*Work order*: Please output the listing exactly as it stands, but omit any images.

*Dataset section*:
------------------------------
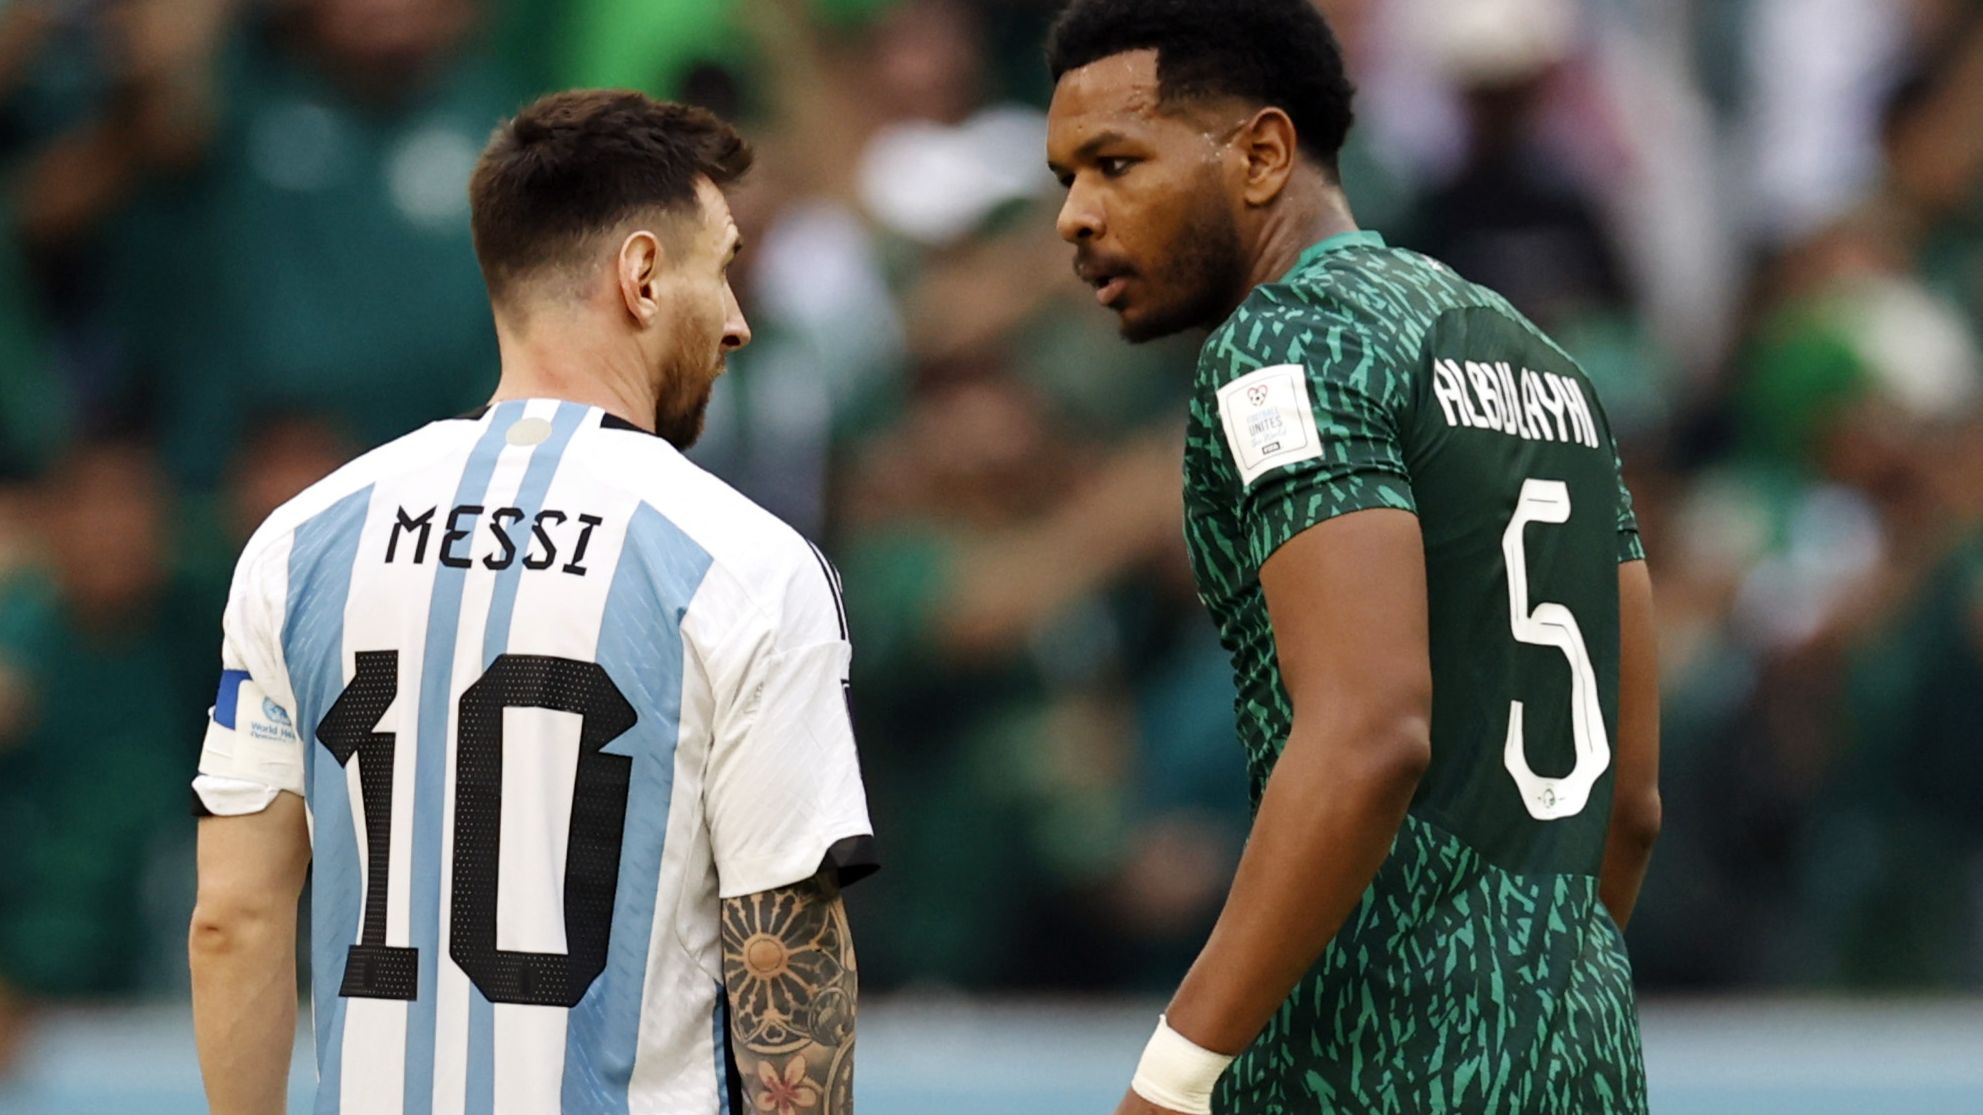 'You won't win': Saudi Arabia defender reveals mid-match taunt to Lionel Messi after shocking upset
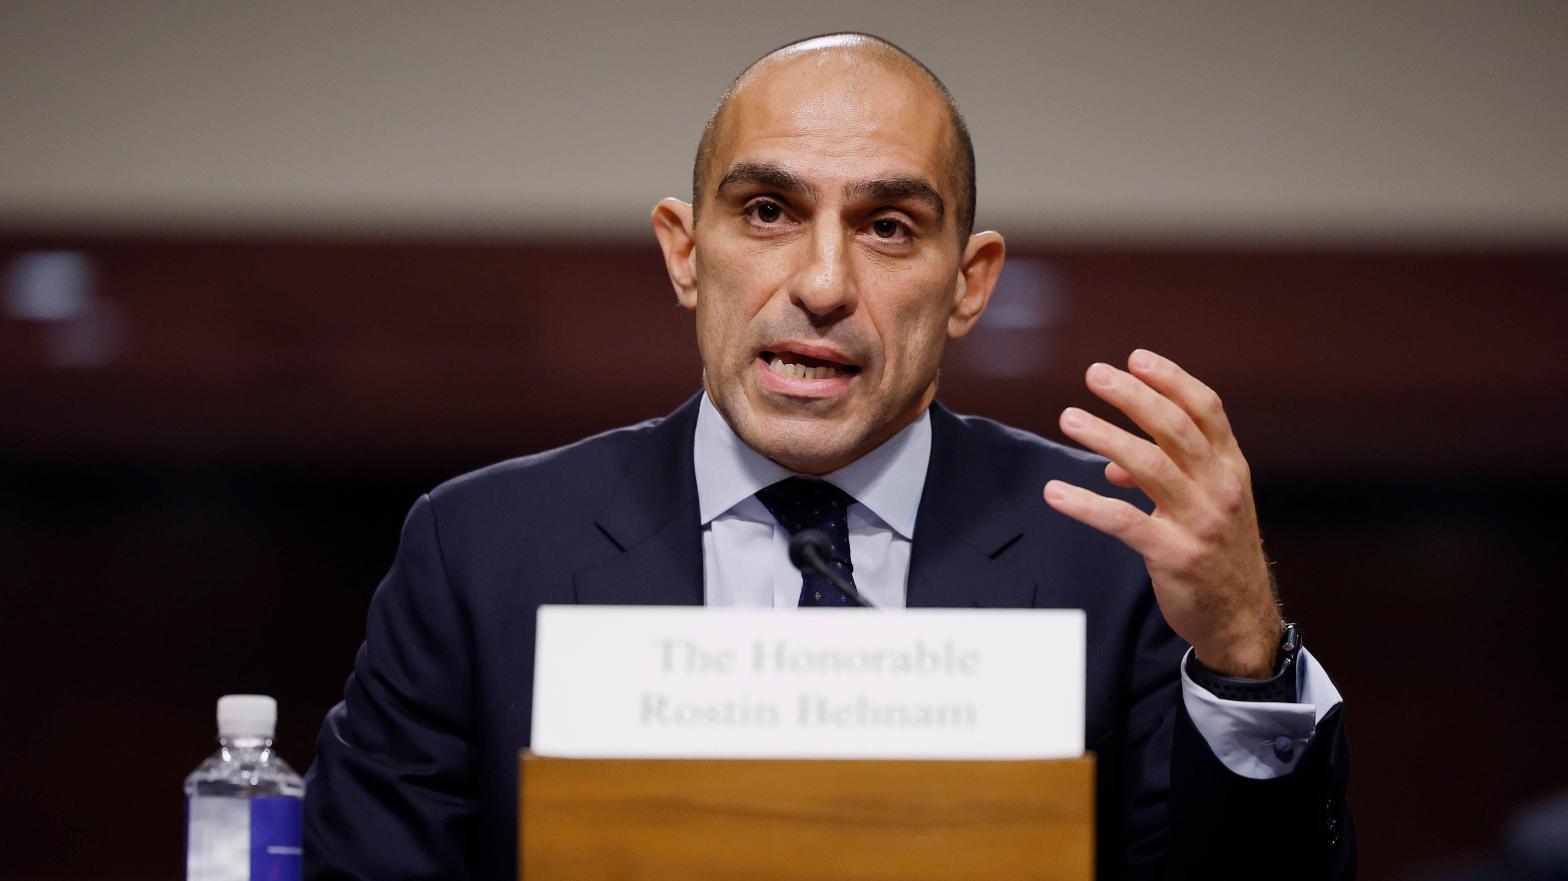 CFTC chairman Rostin Behnam said they have performed 60 enforcement actions on crypto exchanges since 2015. The SEC has done more than 80 since 2017.  (Photo: Chip Somodevilla, Getty Images)
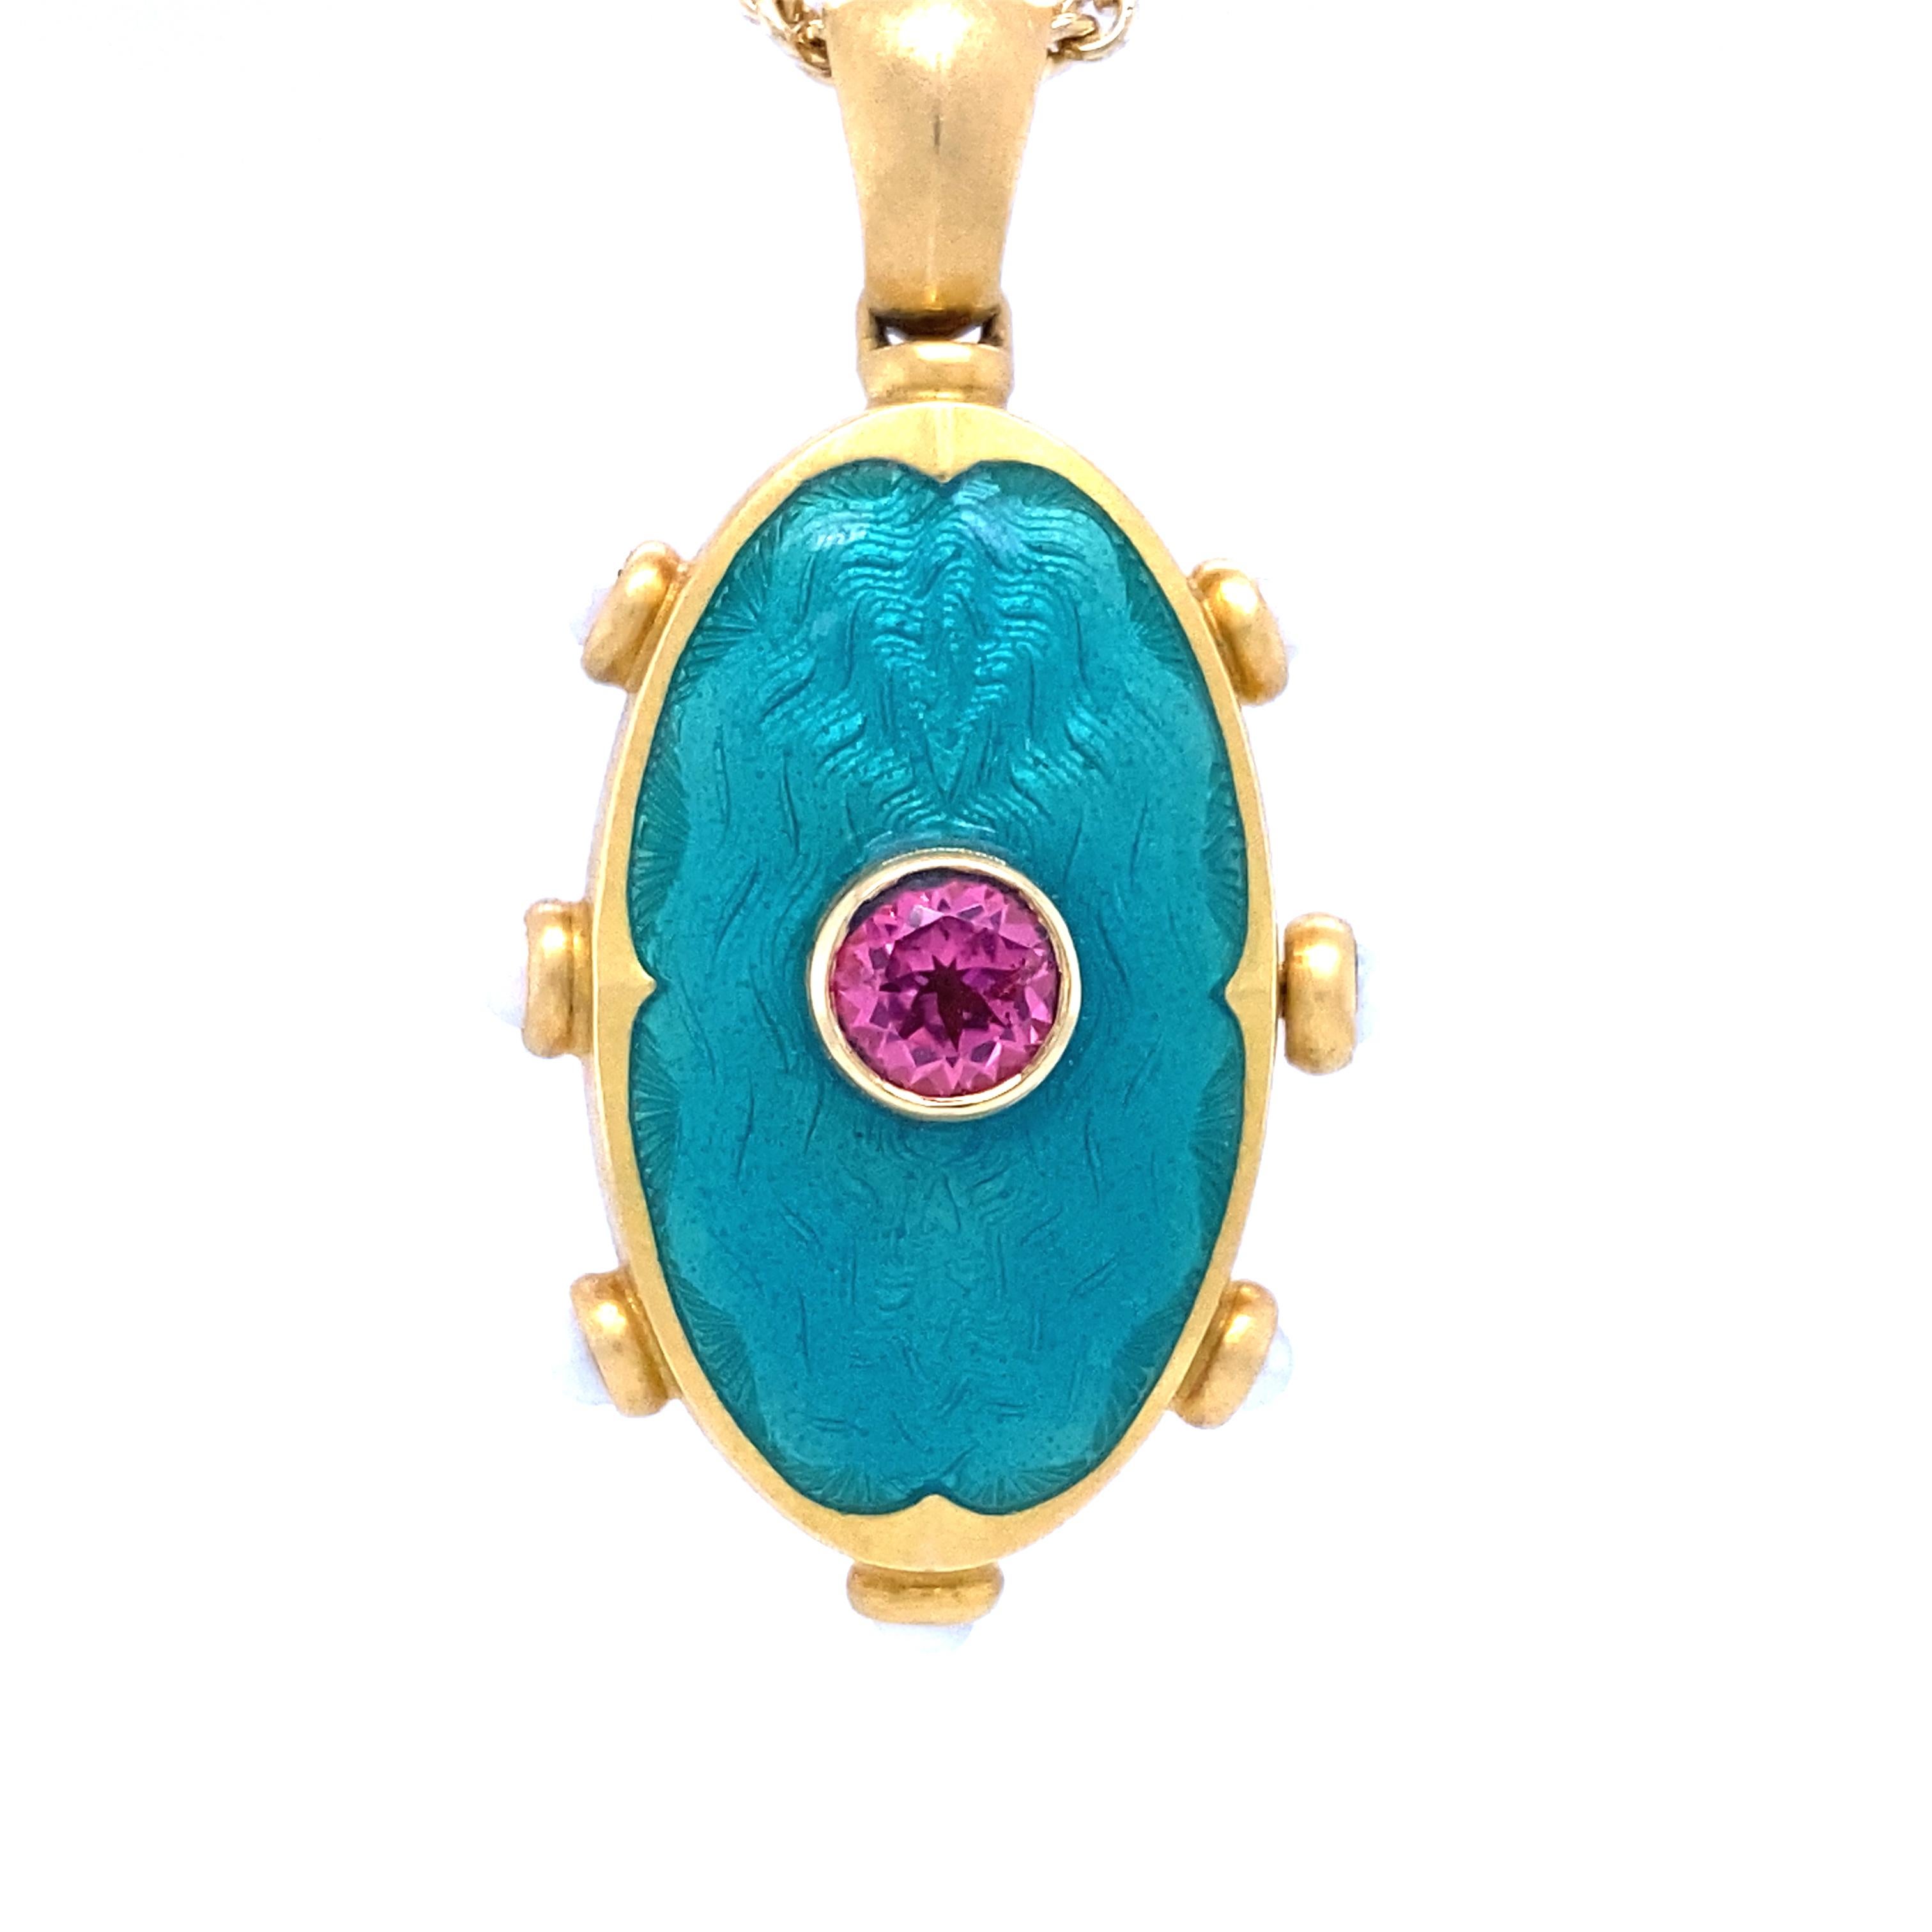 Victor Mayer oval locket pendant 18k yellow gold, matt finish, Romance Collection, translucent turquoise vitreous enamel, guilloche, 1 rubellite (pink tourmaline), 7 akoya pearls, measurements app. 40.0 mm x 20.0 mm

About the creator Victor
------------------------------
*Finished task*:
 'You won't win': Saudi Arabia defender reveals mid-match taunt to Lionel Messi after shocking upset
 CFTC chairman Rostin Behnam said they have performed 60 enforcement actions on crypto exchanges since 2015. The SEC has done more than 80 since 2017.  (Photo: Chip Somodevilla, Getty Images)
 Victor Mayer oval locket pendant 18k yellow gold, matt finish, Romance Collection, translucent turquoise vitreous enamel, guilloche, 1 rubellite (pink tourmaline), 7 akoya pearls, measurements app. 40.0 mm x 20.0 mm

About the creator Victor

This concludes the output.